There are ordinary stores, and then there is Staples — a place I once assumed had vanished into the fog of the 2010s, only to discover, with a shock bordering on spiritual revelation, that it has not only survived but ascended into a higher plane of retail existence. I have returned again and again this year, each visit more astonishing than the last, until I now write this review with the fervor of a pilgrim who has witnessed too many miracles to remain silent.
Let me begin with the deals — deals so outrageous, so reality‑bending, that I suspect the Tualatin Staples sits on some kind of cosmic ley line where value pools like groundwater. How else do you explain the Panasonic Let’s Note laptop — a Japan‑only, cult‑status, magnesium‑alloy marvel normally priced around $2,500 — appearing in a suburban Oregon Staples like a rare bird blown off course? And how else do you explain that, through the alchemy of Staples Rewards, I walked out with it for around $900? A price so low it feels like a benevolent clerical error in the Book of Fate.
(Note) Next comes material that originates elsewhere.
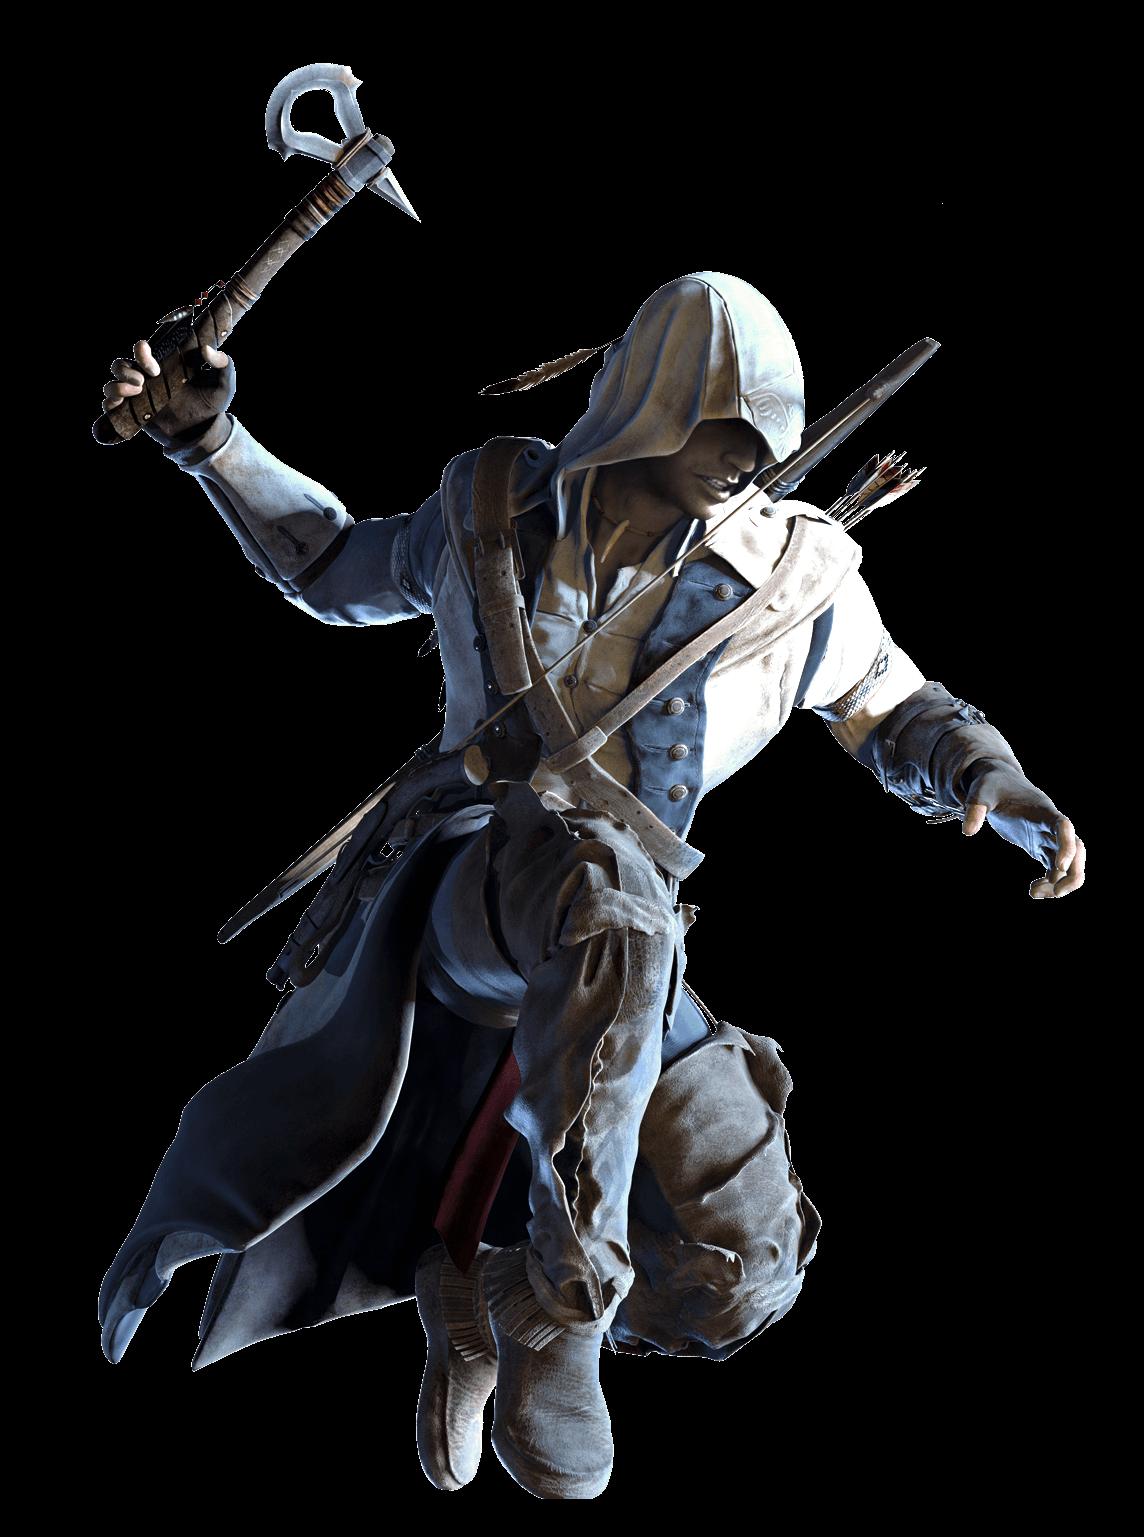 Assassins Creed Jump Transparent Png Stickpng

And then — the printers. The Canon MF753Cdw, a machine so luxurious in its glossy, lacquer‑like toner finish that the vlogosphere speaks of it in hushed tones, was placed into my hands for $120. One hundred and twenty dollars. The price of a single toner cartridge. The price of a dinner for two. And yet here I was, walking out with a flagship color laser printer that spits out 33 pages a minute like it’s breathing. I felt like a general returning from battle with spoils. I felt like a dragon on a hoard. I felt alive.
But the true brilliance of this Staples — the reason I keep returning, the reason I am writing this with the enthusiasm of a Victorian diarist describing a seaside holiday — is the staff. The associates here are not merely employees. They are celestial beings disguised in red shirts. Angels of patience. Guardians of value. Emissaries of calm in the fluorescent wilderness.
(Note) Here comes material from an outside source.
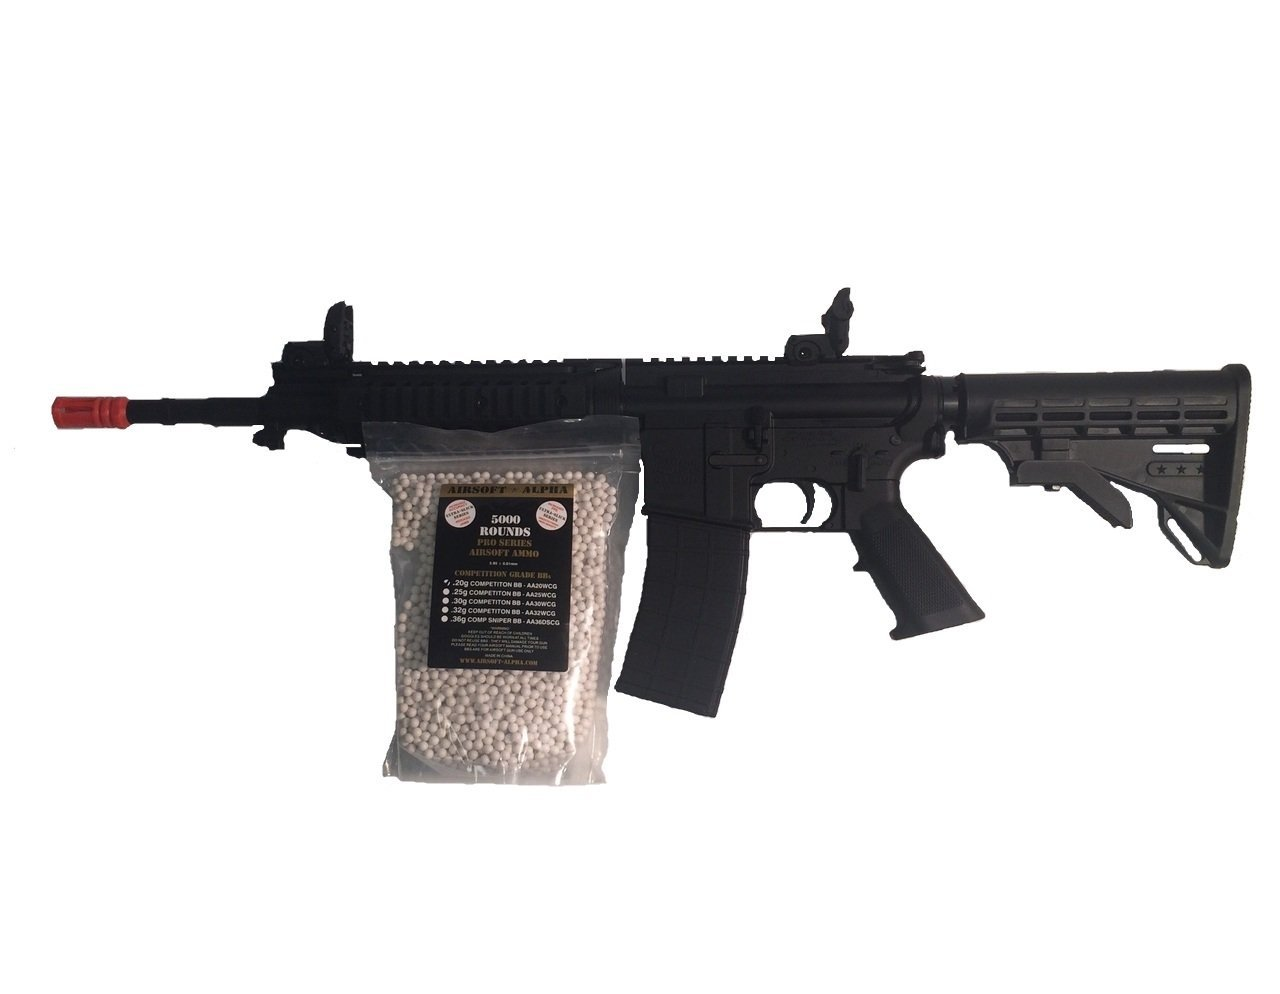 Cheap Jackal Blank Gun, find Jackal Blank Gun deals on line

One woman — with long, dark hair that shimmered like a midnight river — approached me as I wandered the aisles with a cart full of tape, hooks, paper, and dreams. She reminded me, with gentle urgency, that printers, ink, and toner were part of a 50%‑back promotion so generous it felt like a secret whispered by the universe. She scanned the box and said, with the tone of someone delivering good news from another realm, “I hope you’re ready for a deal.” And I was.
Another associate — patient, luminous, steady — checked my phone to ensure every offer was activated. She did this with the care of someone proofreading a manuscript, making sure no detail was missed, no savings left behind. Her kindness was not transactional; it was artful. She made me feel like my chaotic cart, my autistic aisle‑mapping, my mountain of purchases were all perfectly reasonable. She made me feel welcome. Seen. Supported.
And every time I return, I find the same warmth. The same energy. The same sense that this store is not merely a place to buy office supplies but a community center for the creatively unhinged, the organizationally ambitious, the stationery‑obsessed, the tech‑curious, the deal‑seeking, the paper‑loving, the printer‑collecting souls of the world.
I have spent more money at Staples this year than in the last decade combined, and I regret none of it. I have purchased printers, paper, hooks, tape, keyboards, mice, chargers, photo paper, matte paper, glossy paper, recycled paper, and enough compressed air to clean the vents of a small cathedral. I have earned enough Staples Rewards to fund a small expedition. I have laughed. I have gasped. I have felt joy.
So yes — five stars. Five blazing, incandescent stars. If I could give this Staples a constellation, I would. If I could write this review in the sky with a laser printer shooting toner into the heavens, I would. If you are reading this and wondering whether to visit: go. Go now. Go with an open heart and an empty trunk. You never know what miracles await.